Dublin now complete their gym work in Parnell Park in a building behind the Donnycarney Church End terrace. Planning permission for a temporary single storey 300 square metre gym for a period of five years was given the green light in October 2017.

In the planning submission, former Dublin player and selector Jim Brogan, in his brief as planning and development consultant,explained: “Dublin GAA County Board have no gymnasium facility under its jurisdiction. This can cause serious practical problems on occasions for underage and adult inter-county teams with regard to gaining access to facilities with the appropriate equipment etc. This gymnasium is required to meet this need in the short term.”

Before Cullen’s switch from Leinster Rugby in 2016, Dublin’s strength and conditioning work had been done with Martin Kennedy in the National Athletic Development Academy, close to the National Sports Campus. Kennedy himself moved to the IRFU a month after finishing up with the Dublin senior team in late 2015.

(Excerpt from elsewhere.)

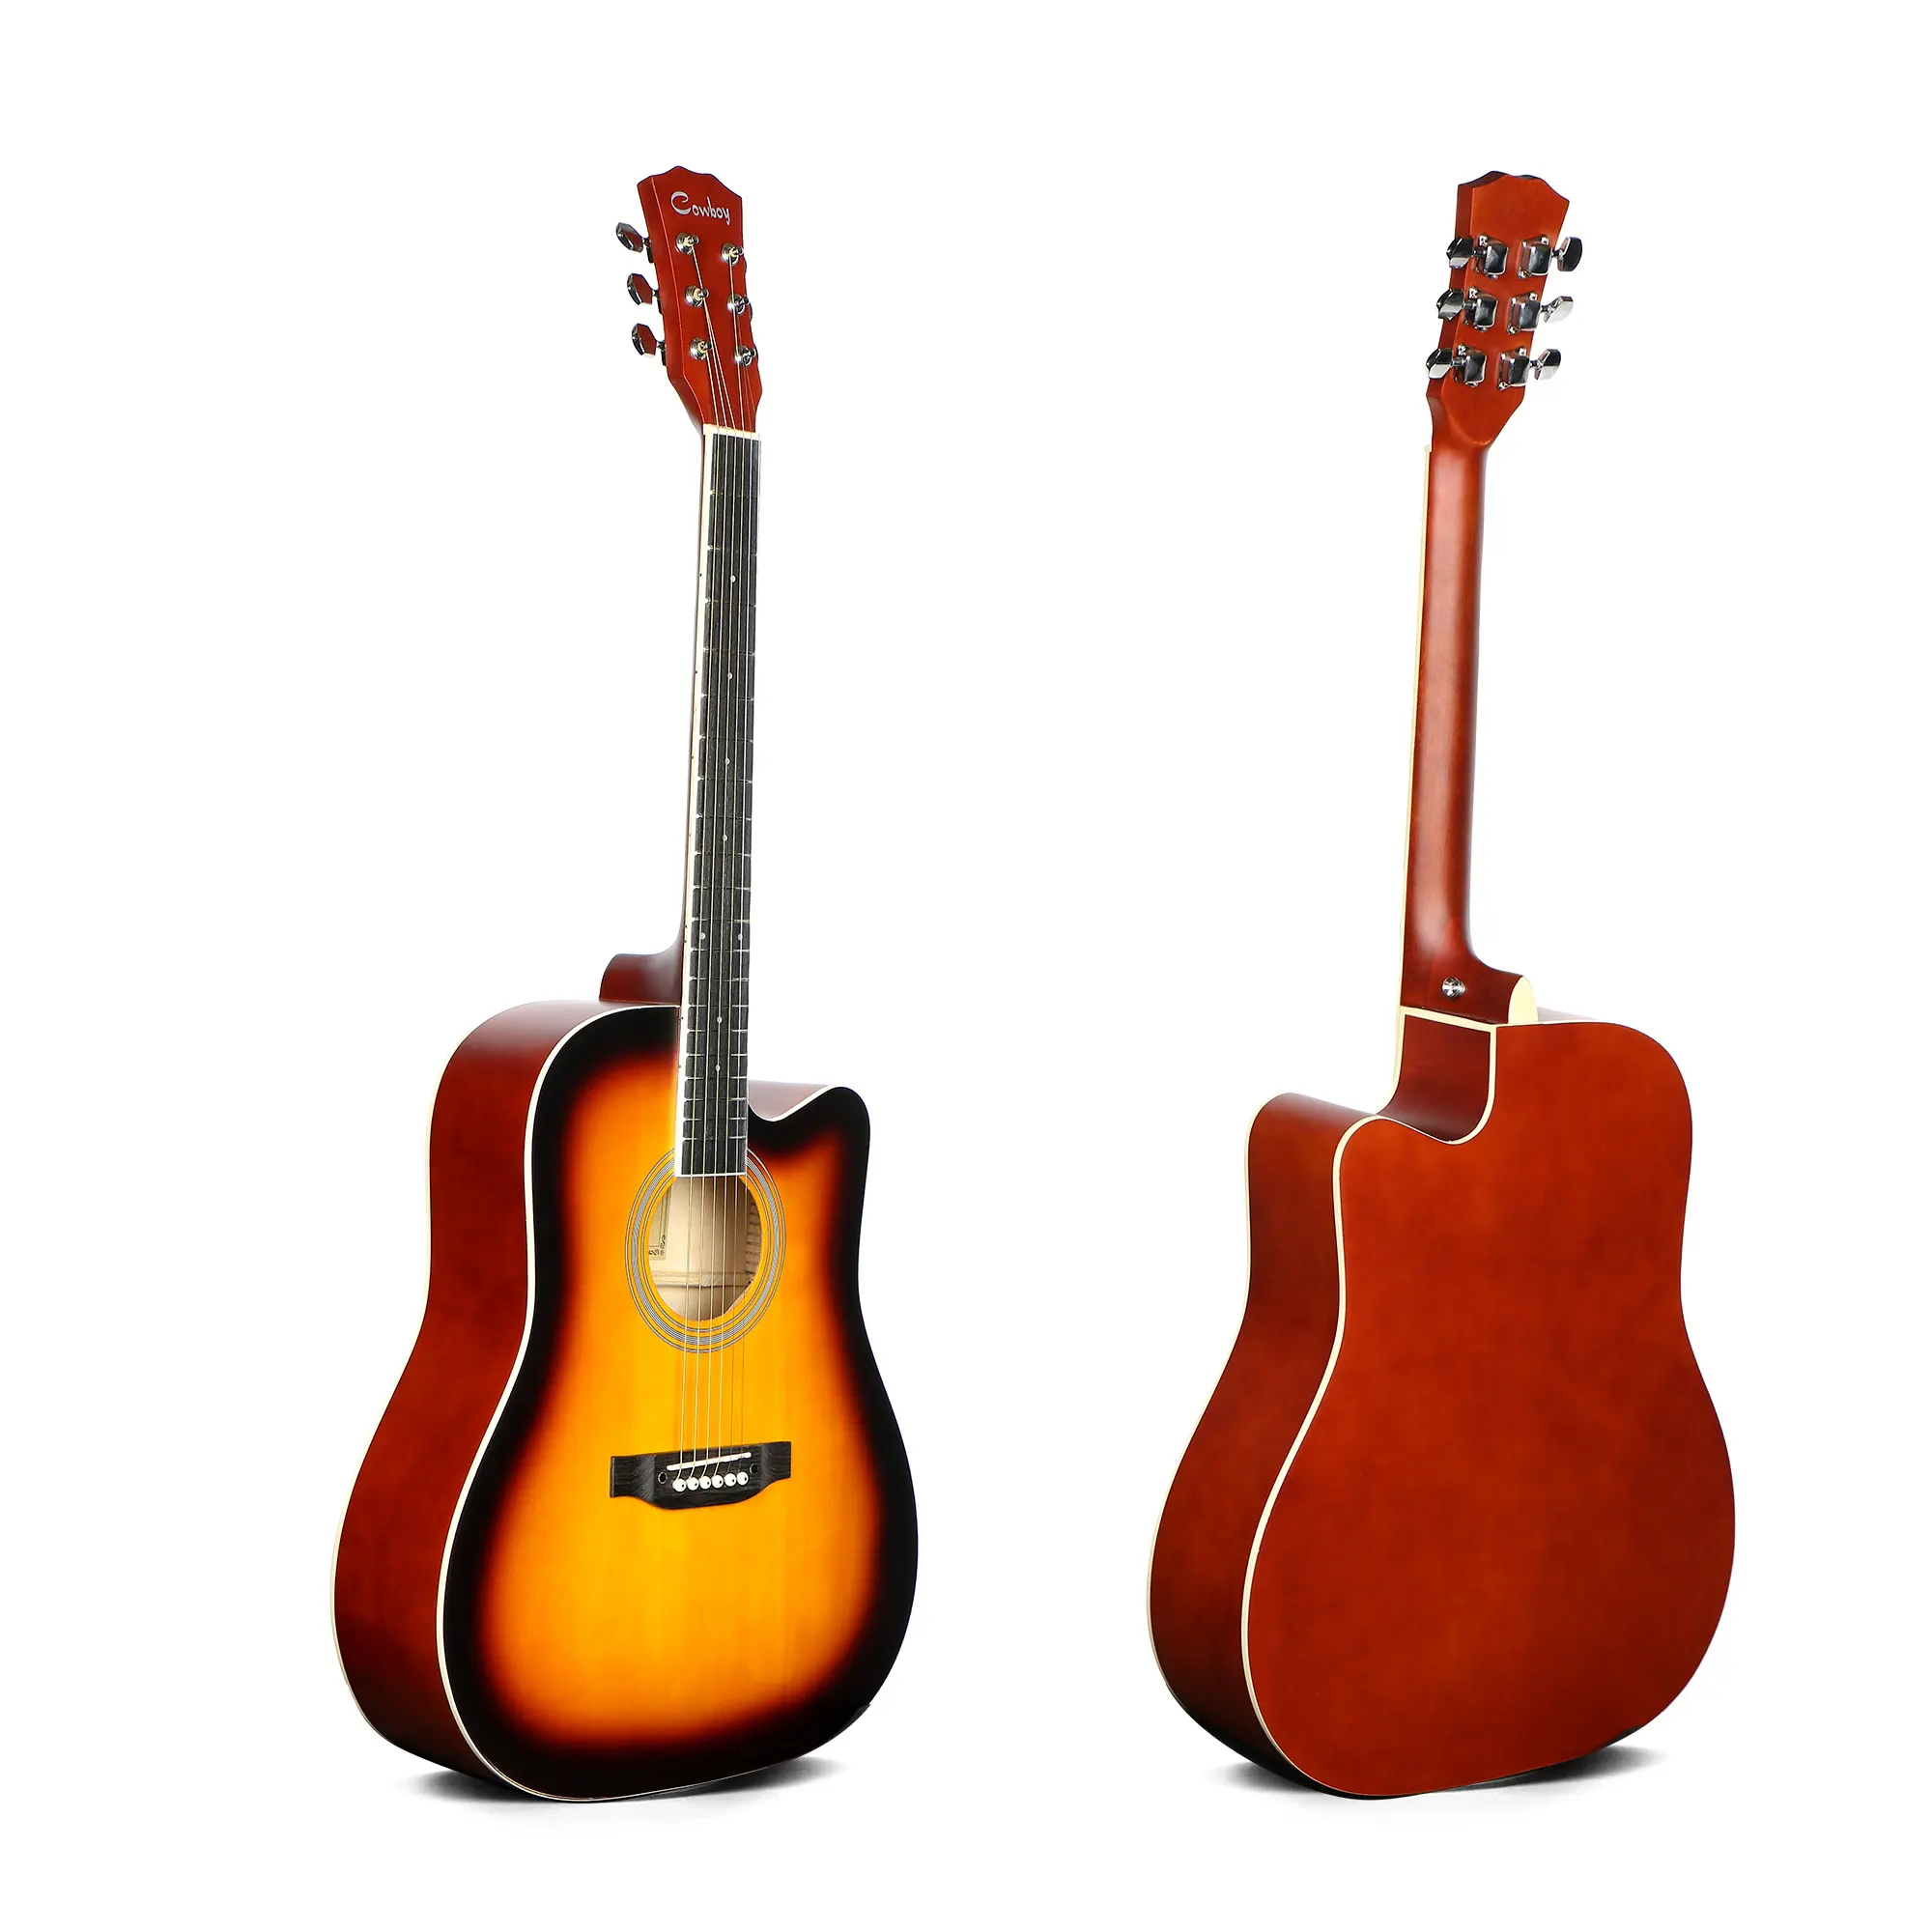 Deviserギター工場2021新モデルカウボーイブランドアコースティックギター41インチEQ楽器ギター取り付け可能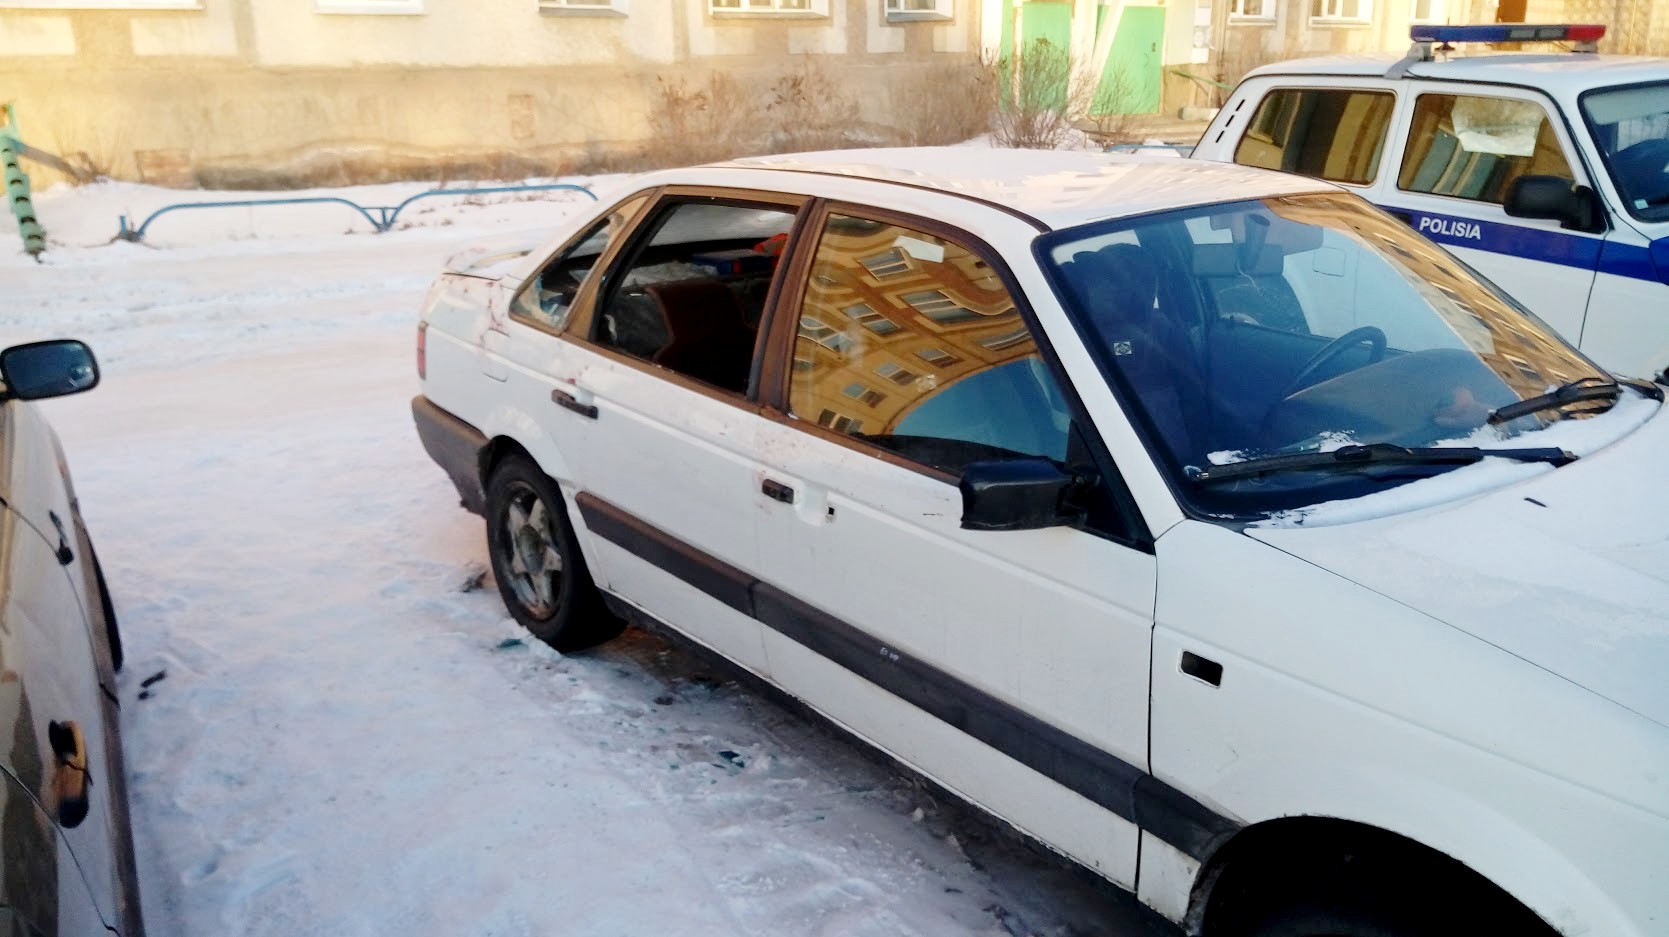 10 машин в Щучинске были вскрыты и разбиты стекла, совершены попытки угона

The 35-acre Spawell site in the South Dublin suburb of Templeogue just off the M50 purchased by the Dublin County Board in 2017 for close to €10m could end up being the county’s version of Kerry’s Currans.

It was reported in July that the board intend selling nine acres of the land which includes the large car park at the front of the property, the proceeds from which will be used to offset the loan they took out with Central Council to pay for the site.

In close proximity to Faughs, St Jude’s, and Ballyboden St Enda’s GAA clubs, four pitches as well as a training centre are to be constructed although the development timeline is uncertain — former European Tour professional Peter Lawrie opened a golf academy in Spawell last January and is believed to have a three-year lease on the driving range. That would conclude around about the time the provision of the temporary gym in Parnell Park elapses.

So Dublin senior football’s hopes of centralising their efforts remain on the long finger but it hasn’t exactly hurt them.